◆ **Given information**:

+ + + +

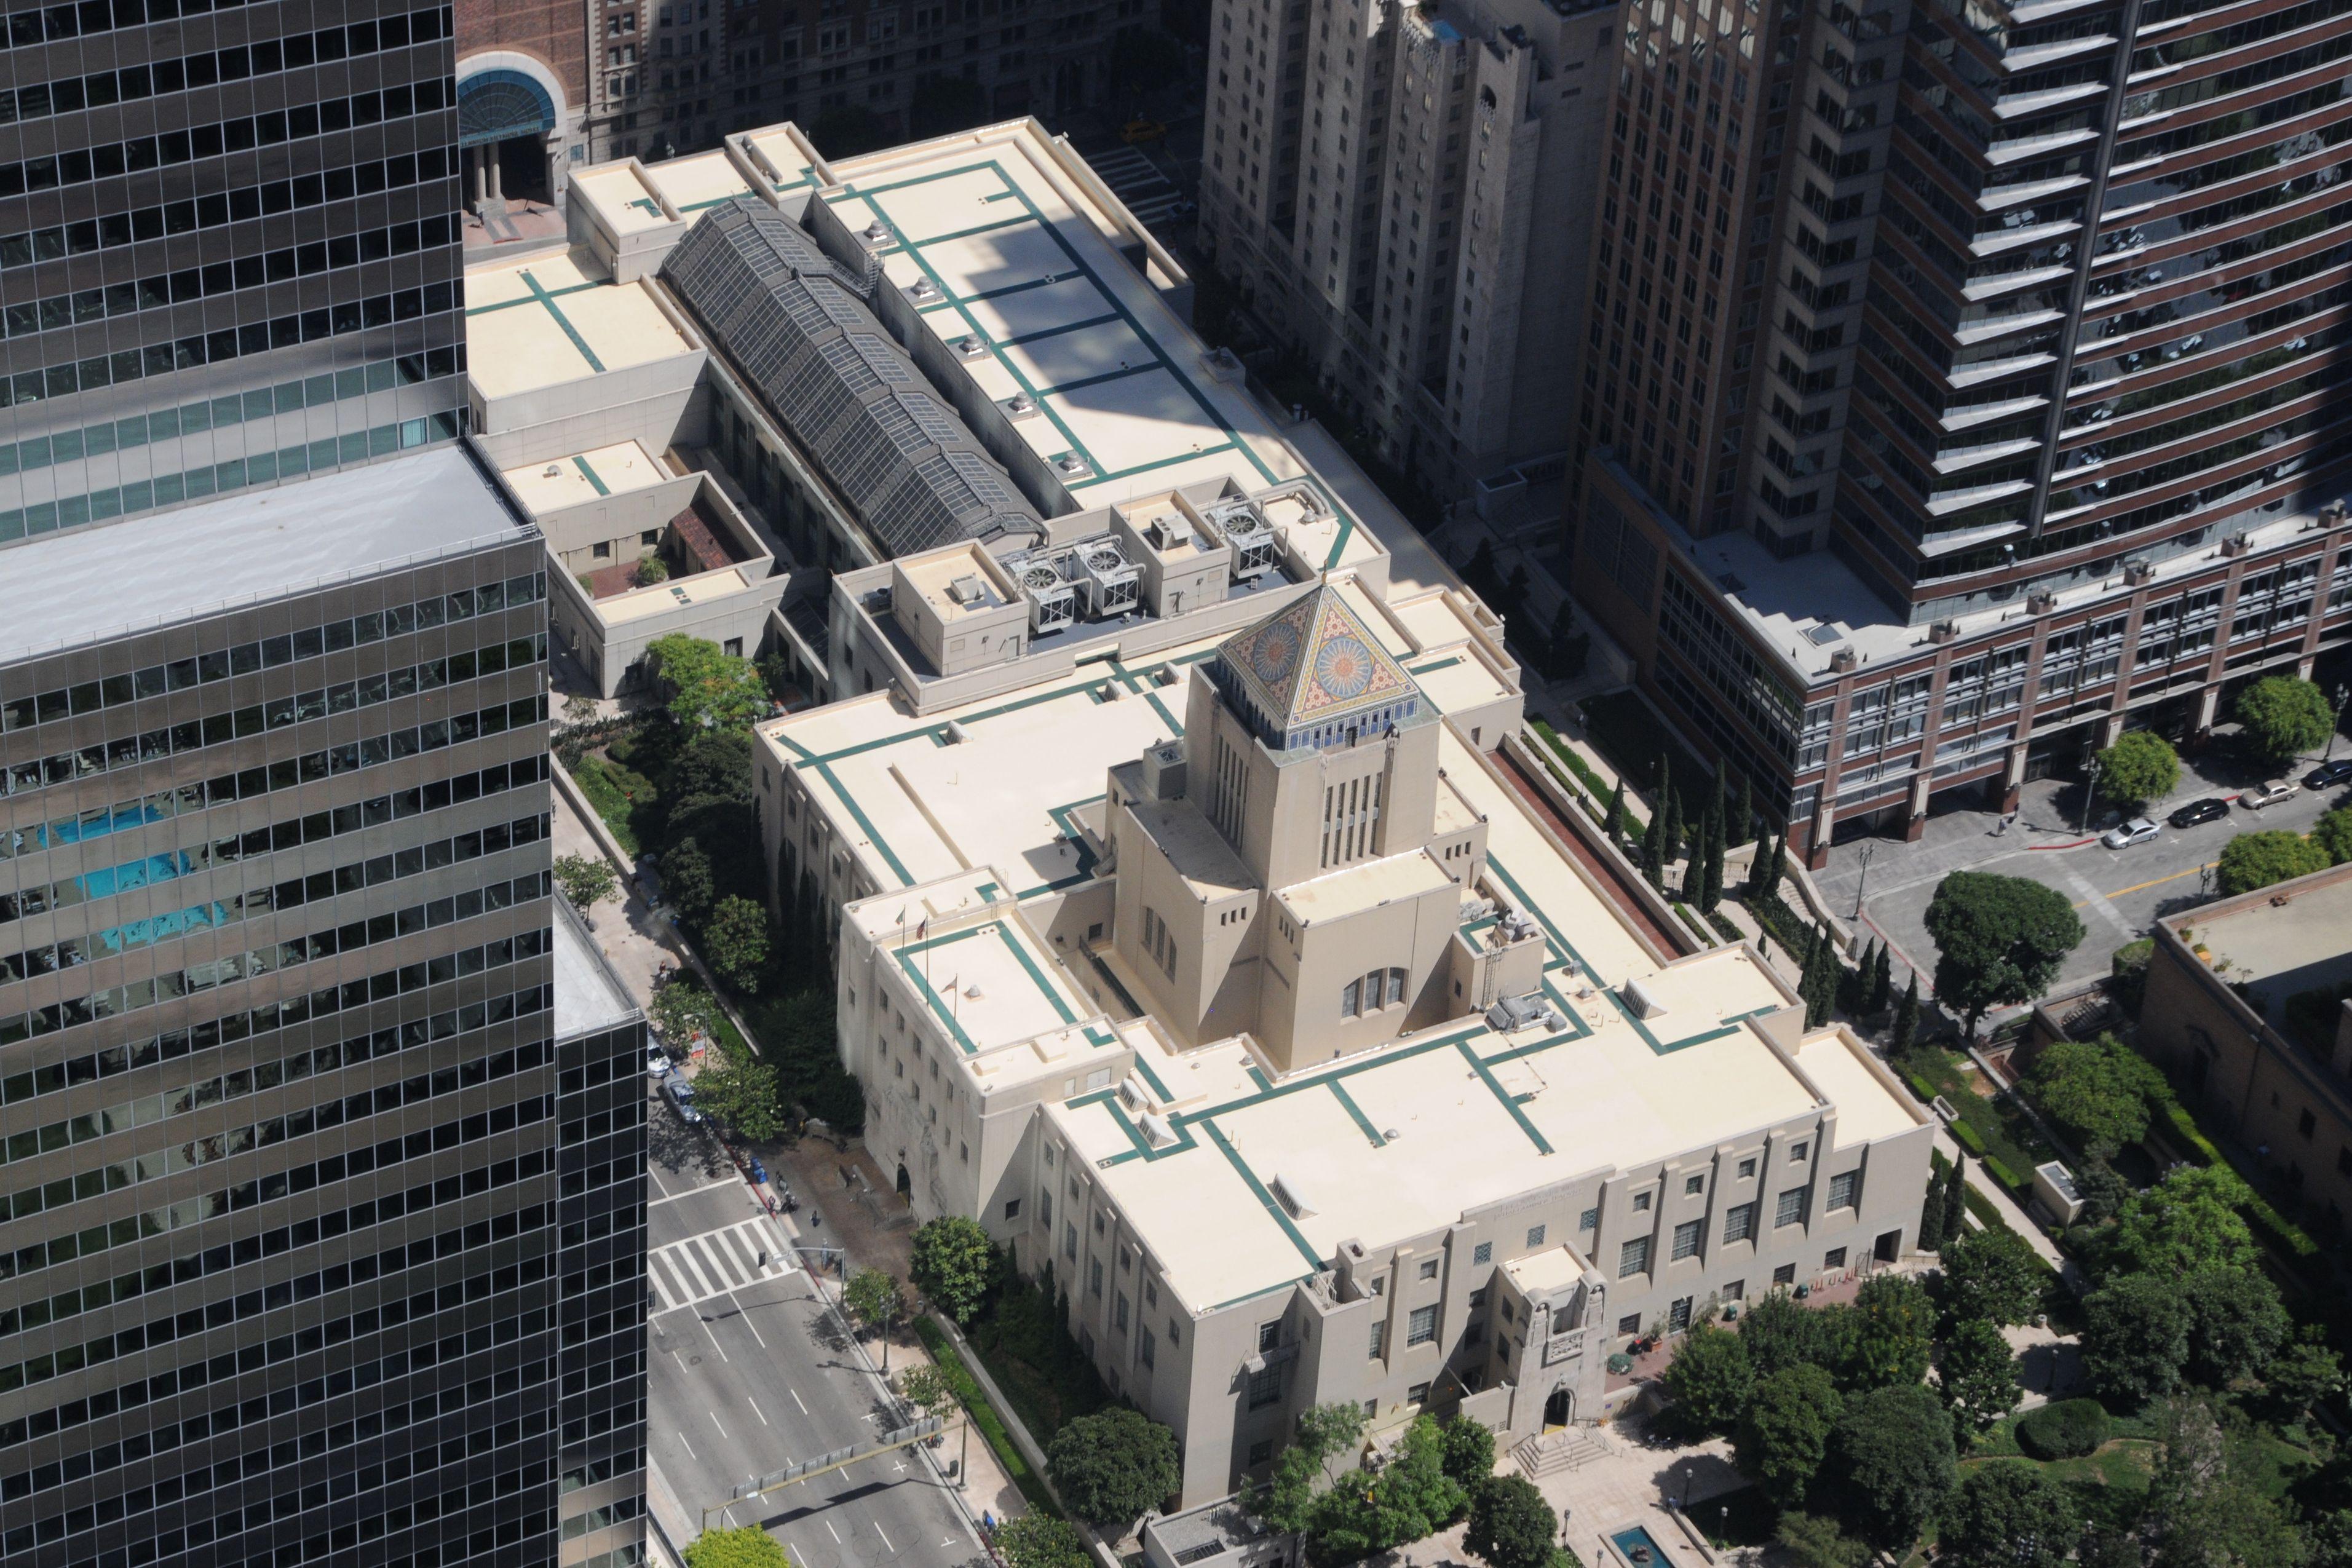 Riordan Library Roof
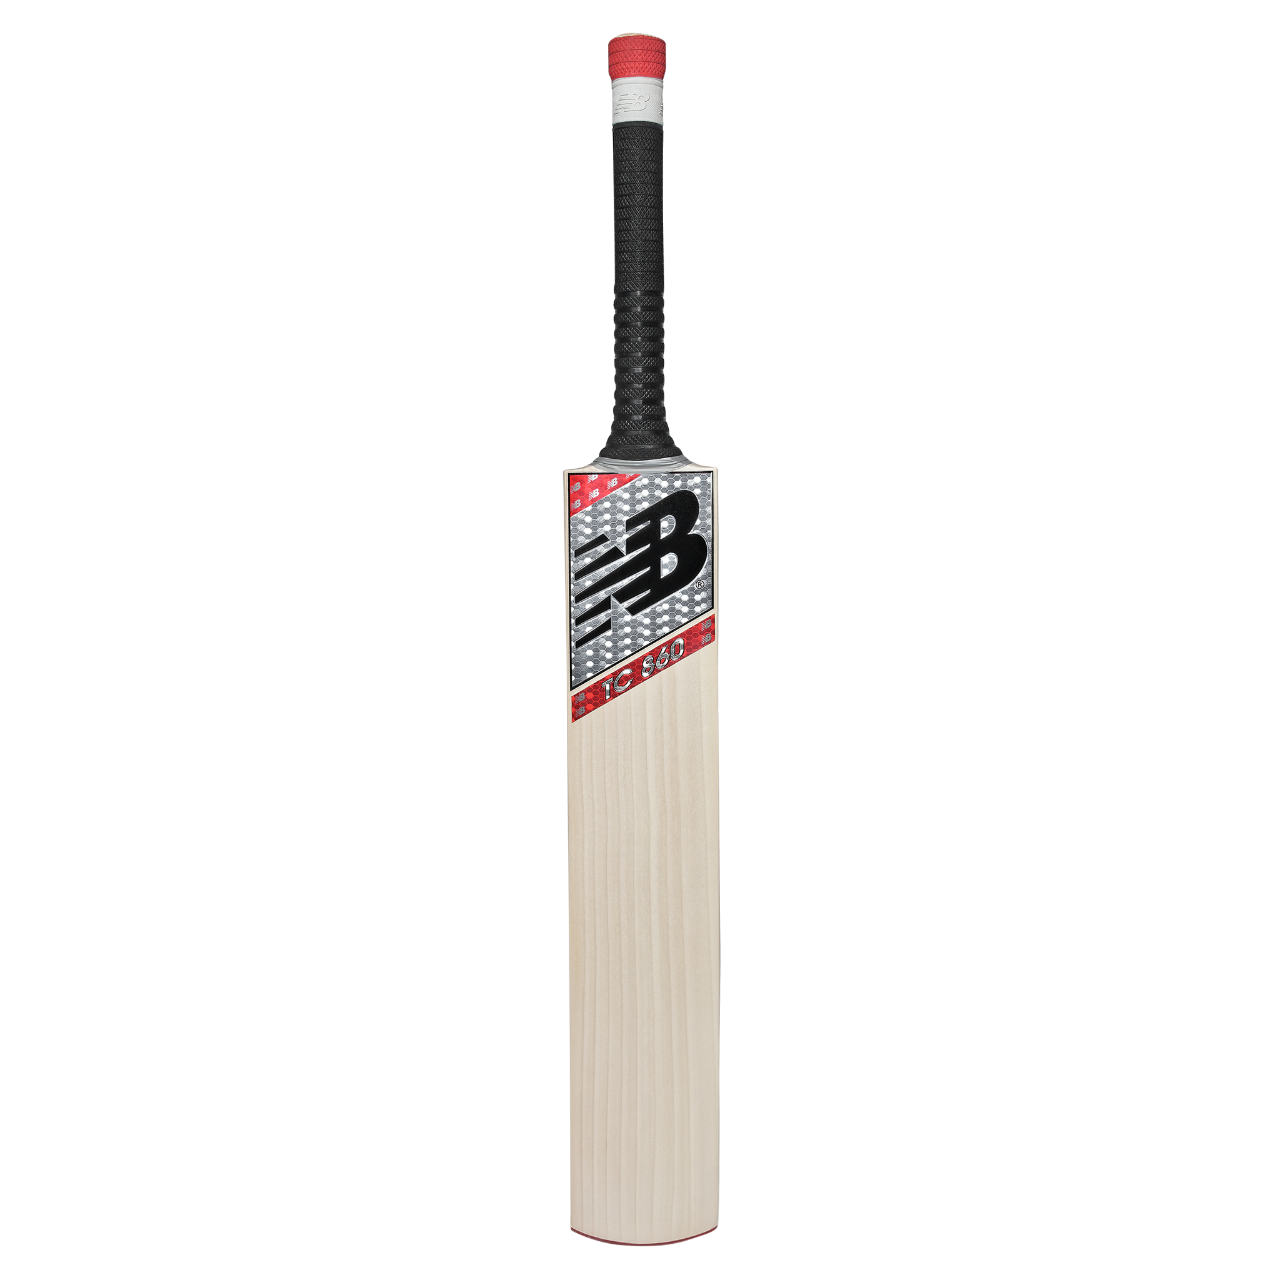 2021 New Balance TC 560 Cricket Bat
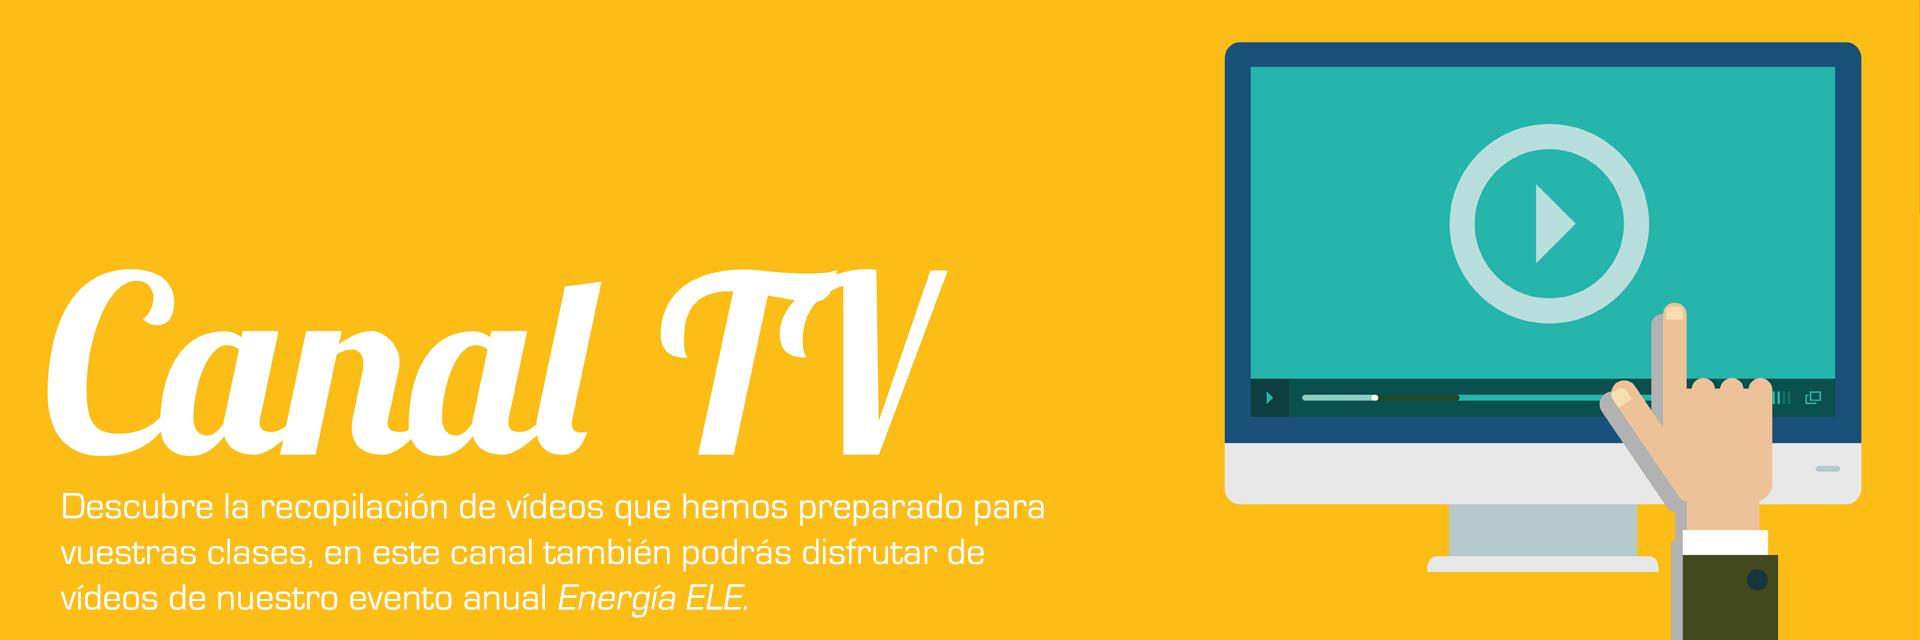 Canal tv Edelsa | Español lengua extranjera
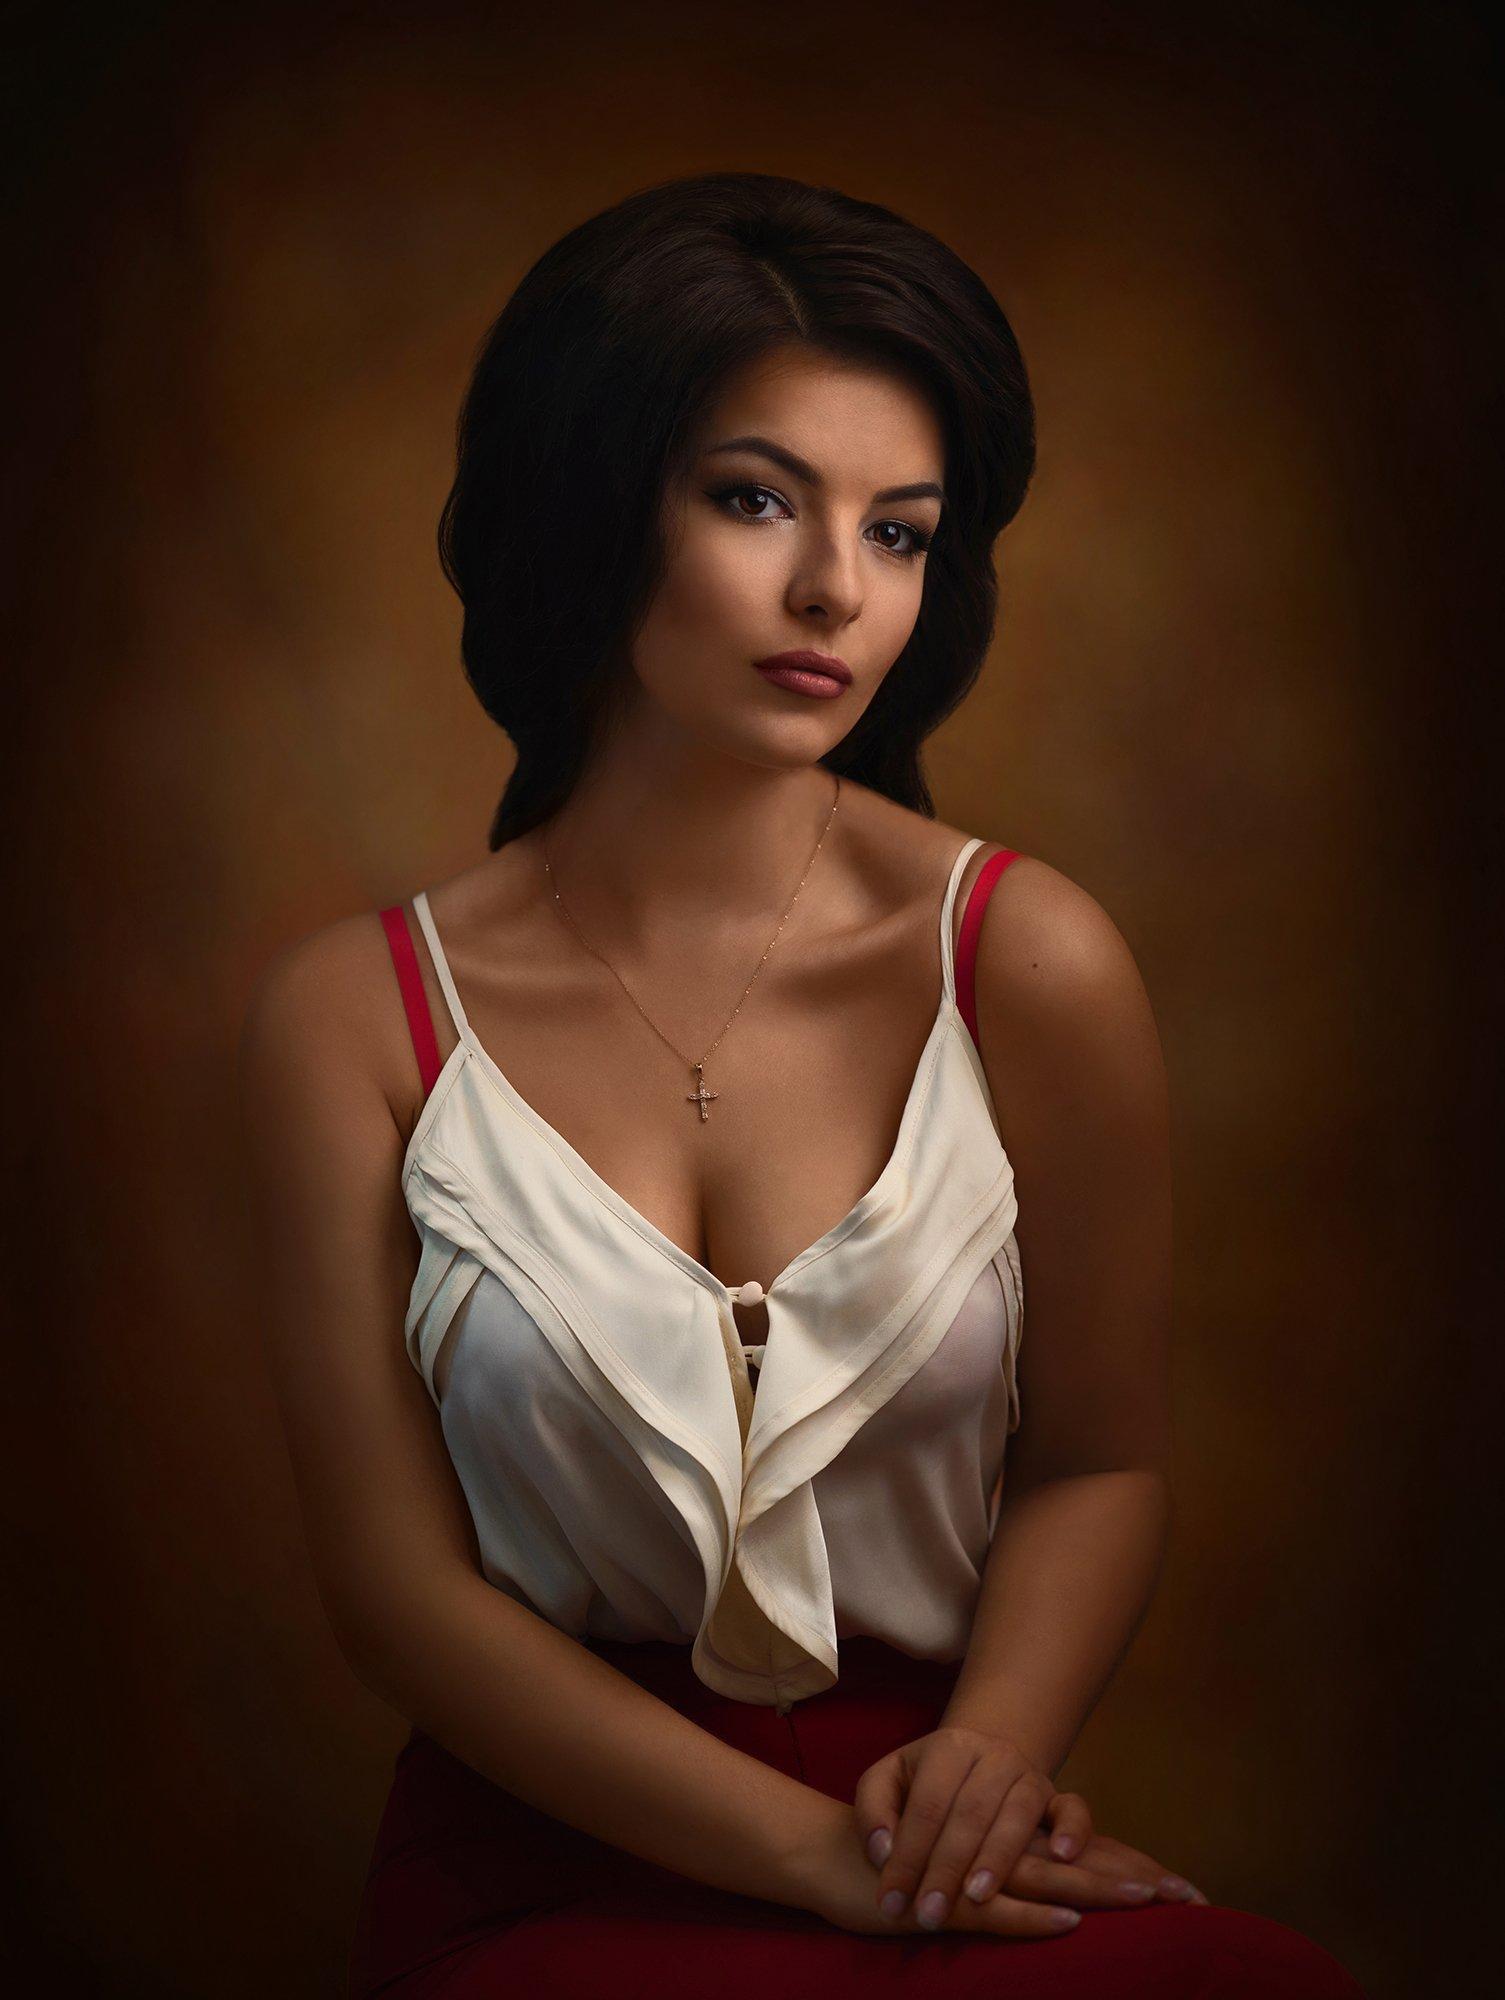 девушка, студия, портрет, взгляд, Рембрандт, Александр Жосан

+ + + +

◆ **Task to carry out**:
Give the lines from the one containing "2021 New Balance TC 560 Cricket Bat" through the last line of the material again, exactly and with no pictures, both ends included.

◆ **Result for this exercise**:
 2021 New Balance TC 560 Cricket Bat
 Canal tv Edelsa | Español lengua extranjera
 девушка, студия, портрет, взгляд, Рембрандт, Александр Жосан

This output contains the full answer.